World War II era US airbase

Hendricks Army Airfield was a World War II United States Army Air Forces base located 6.6 miles east-southeast of Sebring, Florida.

==History==
Hendricks Army Airfield is a former United States Army Air Forces base. It was used during World War II as a Heavy Bomber Training School for B-17 Flying Fortress and B-24 Liberator pilots. It was under the jurisdiction of the 76th Flying Training Wing (Specialized 4-Engine), Smyrna Army Airfield, Tennessee.

The base was named Hendricks Field in honor of First Lieutenant Laird Woodruff Hendricks, Jr. A native Floridian, Hendricks was born in Ocala, Florida, grew up in Jacksonville, Florida and graduated from the United States Military Academy at West Point, New York in 1939. Commissioned into the Army Air Corps, Hendricks completed flight training and received his aeronautical rating as an Army pilot. Lieutenant Hendricks was killed in a B-17C (RAF Fortress I) crash near RAF Polebrook, England on 28 July 1941, just three days after he arrived there to train Royal Air Force pilots.

===Origins===
The airfield's origins begin in 1940 when Sebring officials and citizens contacted their Florida congressional delegation to see about getting an Army base in the area. In the summer of 1940, and in early 1941, a group of Army Air Corps officers surveyed the area.
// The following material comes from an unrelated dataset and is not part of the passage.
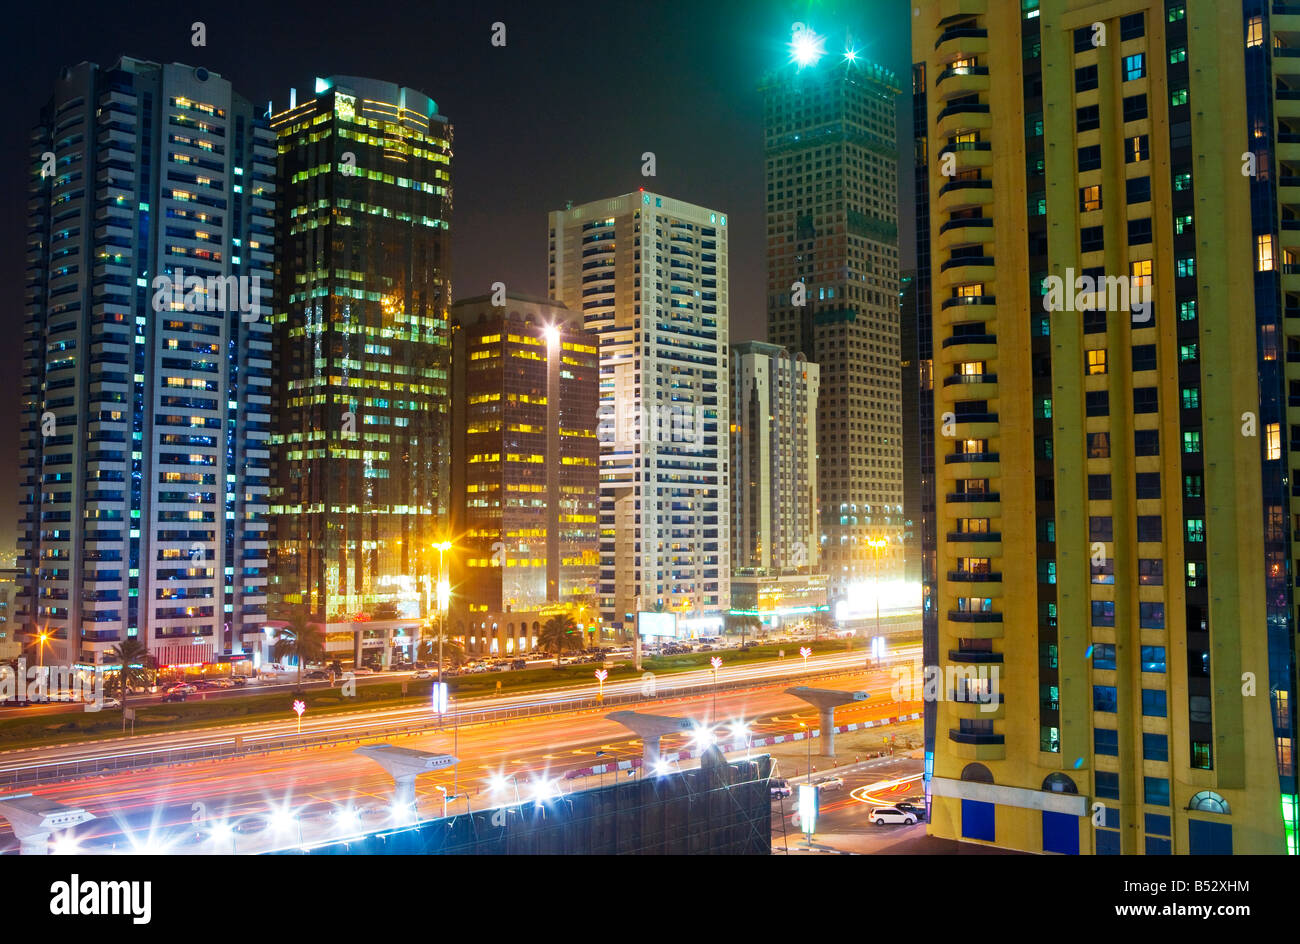 United Arab Emirates, Dubai, Sheikh Zayed Road. Stock Photo

On June 12, 1941, Congressman J. Hardin Peterson advised that an area of 9,200 acres (3,700 ha) of woodland had been approved for a basic flying school. The City of Sebring purchased the land and leased it to the government at $1 per year for 99 years.

On July 20, 1941 construction began with Cleary Brothers of West Palm Beach as the General Contractor and Colonel A. H. Bond of the United States Army Corps of Engineers in charge. Major Leonard H. Rodieck, who had designed the base, provided oversight for the Army Air Corps. A railroad spur was extended to the installation, followed by construction of the air base facilities and infrastructure. In time, the base became a self-supporting city with paved streets, water and sewage systems, frame buildings, two-story barracks, and four concrete runways, each 300 feet (91 m) wide by 5,000 feet (1,500 m) long. The first soldiers arrived on September 5, 1941 and initially occupied tents on the shore of Lake Jackson on the edge of Sebring until they moved onto the base in December when the first barracks were completed.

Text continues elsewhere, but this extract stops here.